[Start of Attachment]

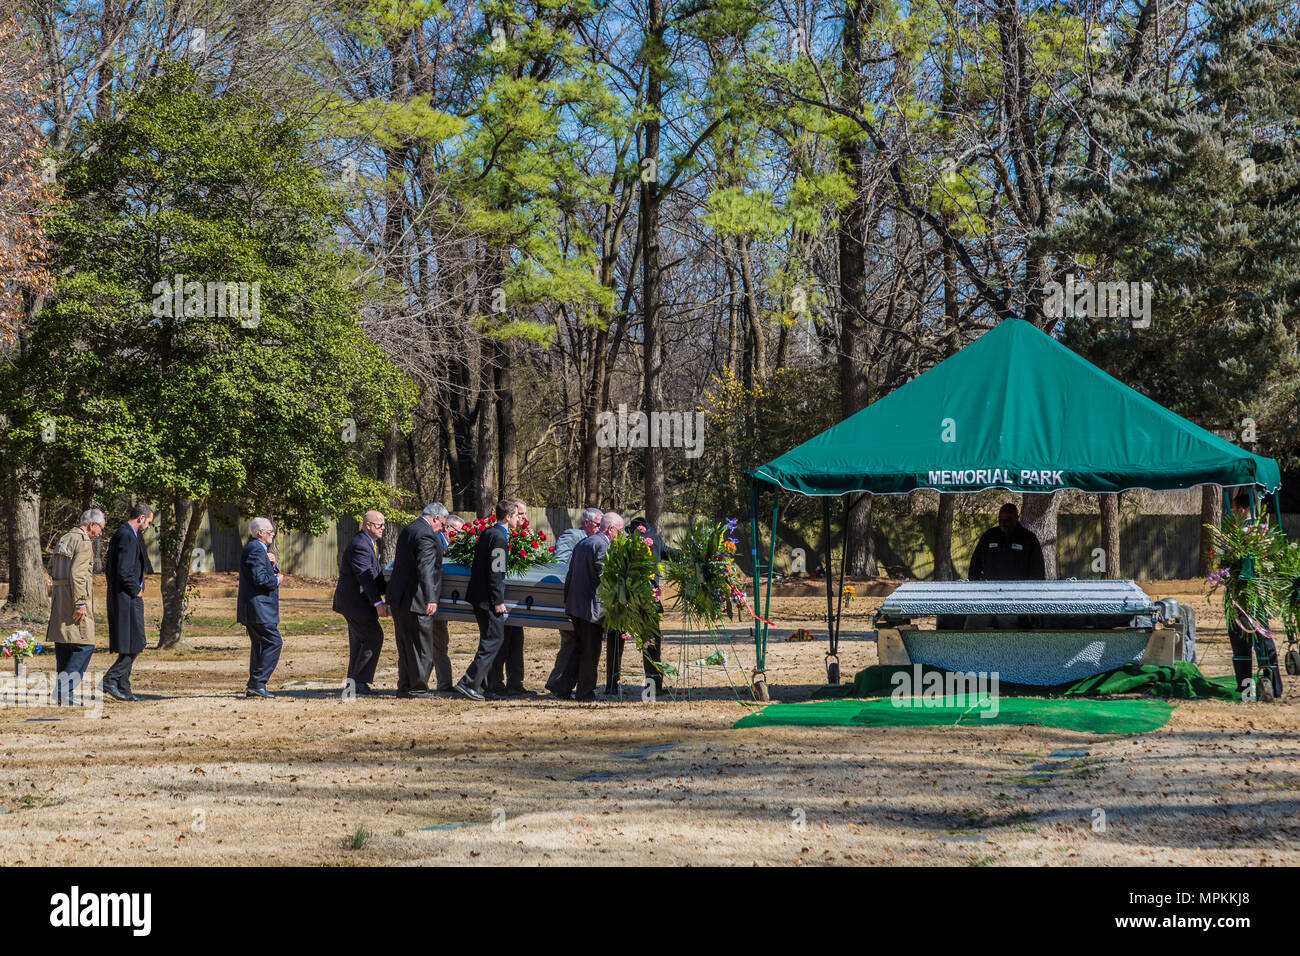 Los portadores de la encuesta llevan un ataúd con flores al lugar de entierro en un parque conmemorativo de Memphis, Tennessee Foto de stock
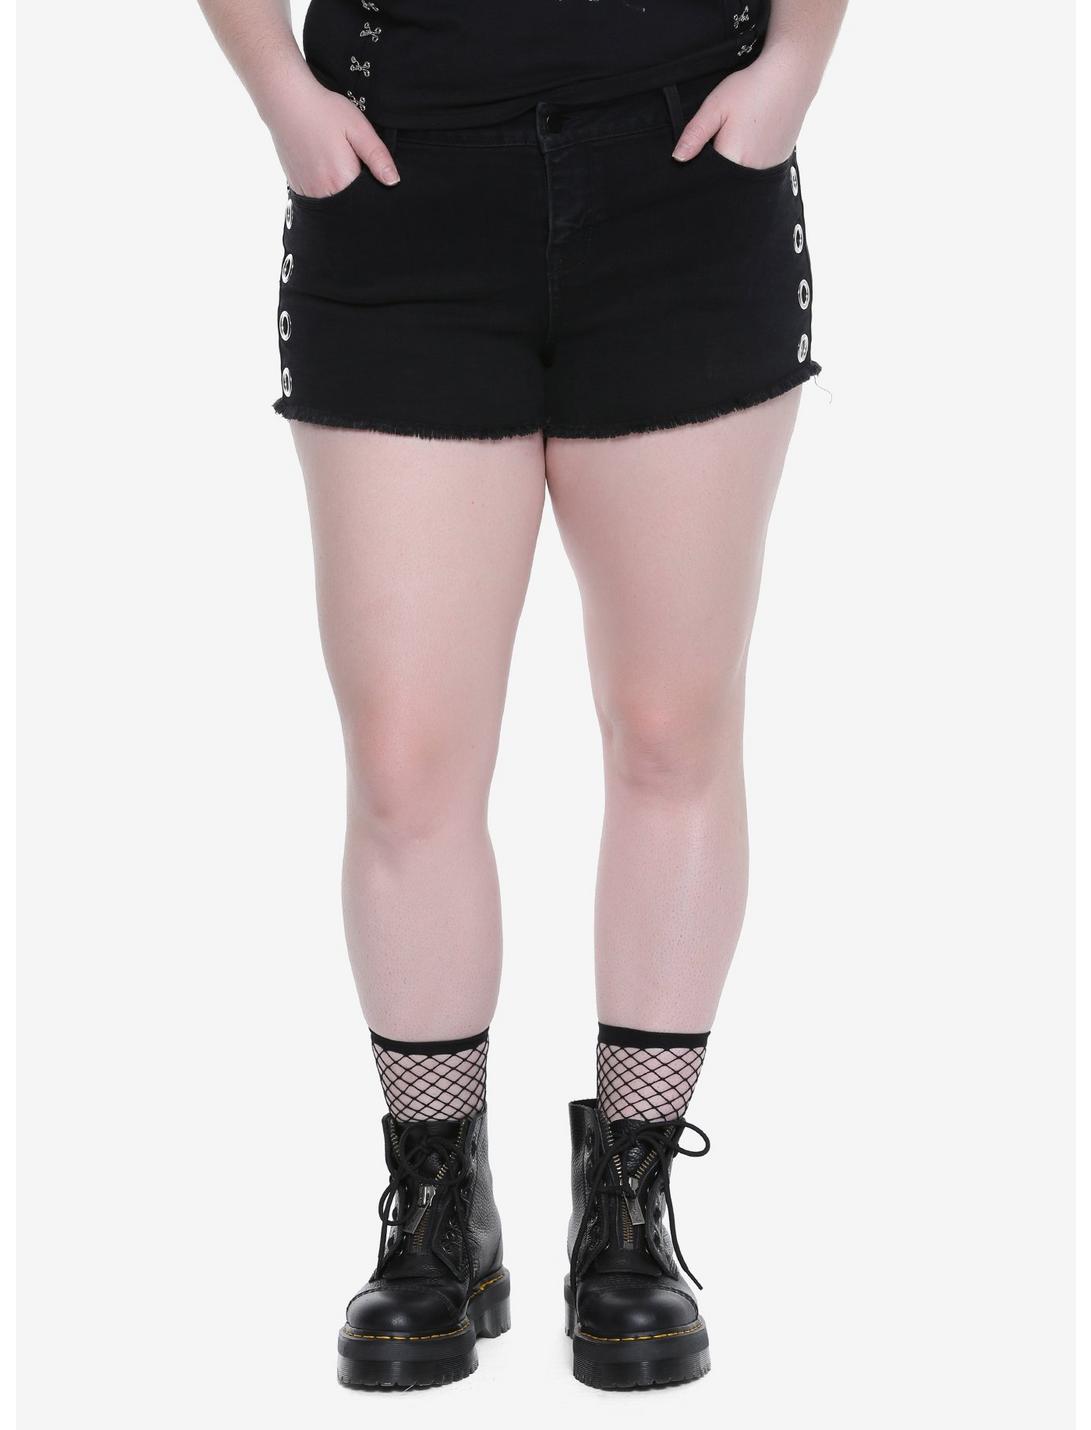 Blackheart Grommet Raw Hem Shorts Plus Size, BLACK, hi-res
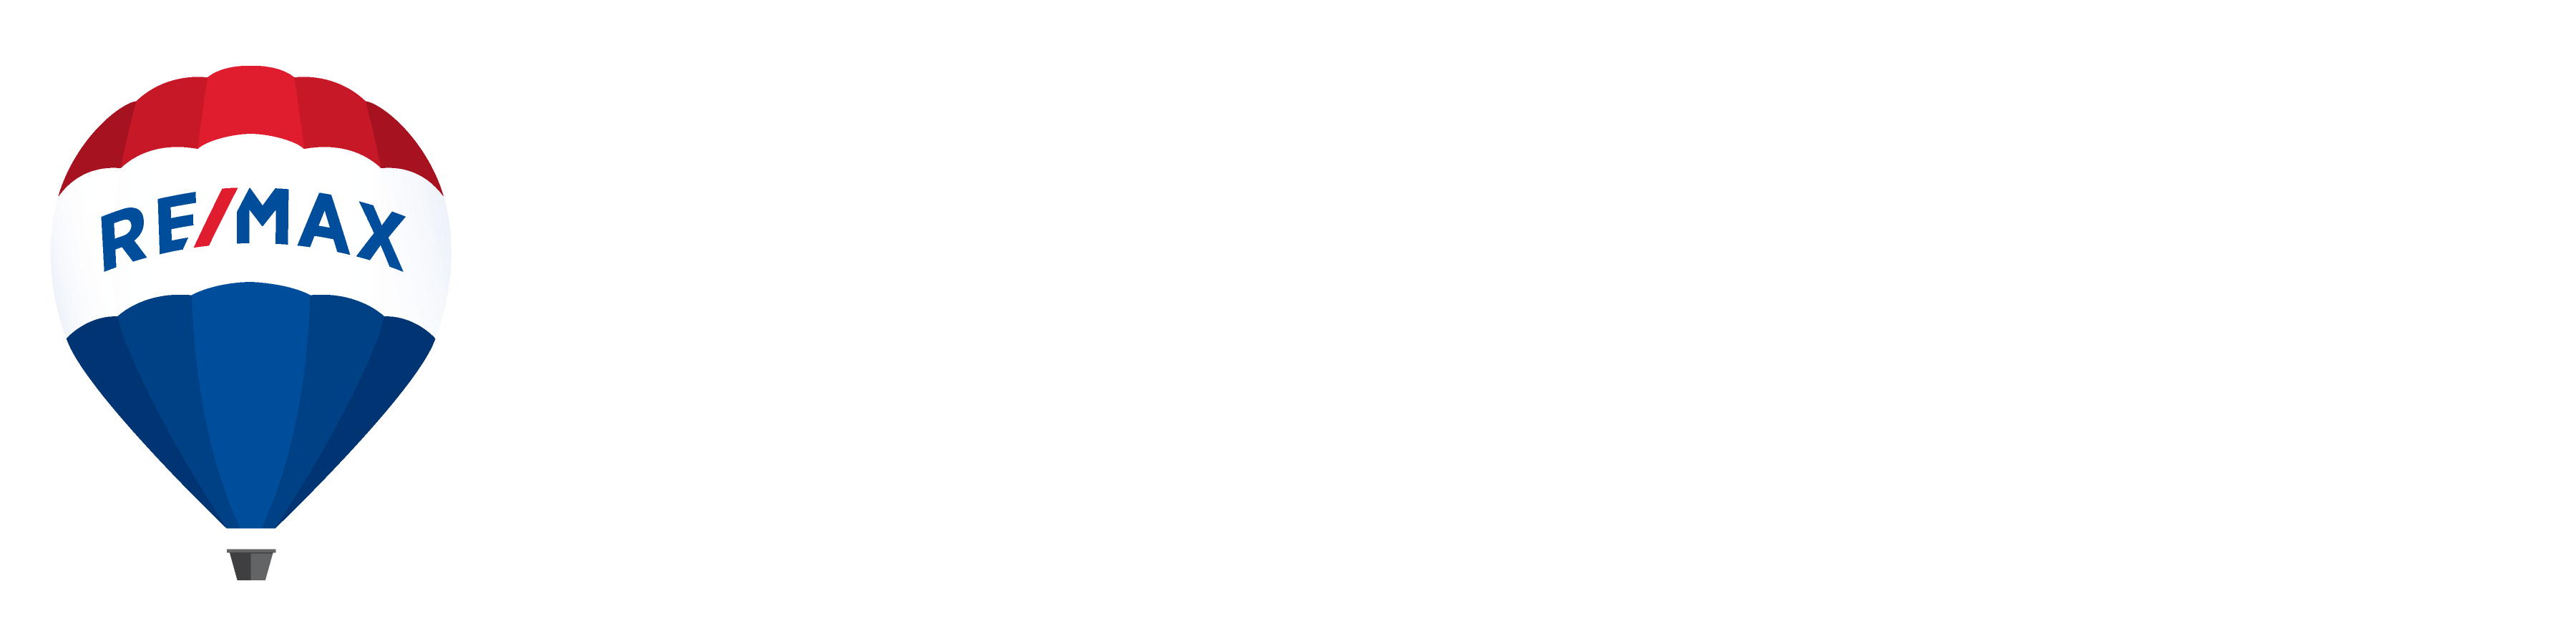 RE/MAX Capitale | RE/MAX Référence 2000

[End of Attachment]

• ASSIGNMENT:
Could you copy the data above exactly, leaving the pictures out?

• EXERCISE RESULT:
 Los portadores de la encuesta llevan un ataúd con flores al lugar de entierro en un parque conmemorativo de Memphis, Tennessee Foto de stock
 Blackheart Grommet Raw Hem Shorts Plus Size, BLACK, hi-res
 RE/MAX Capitale | RE/MAX Référence 2000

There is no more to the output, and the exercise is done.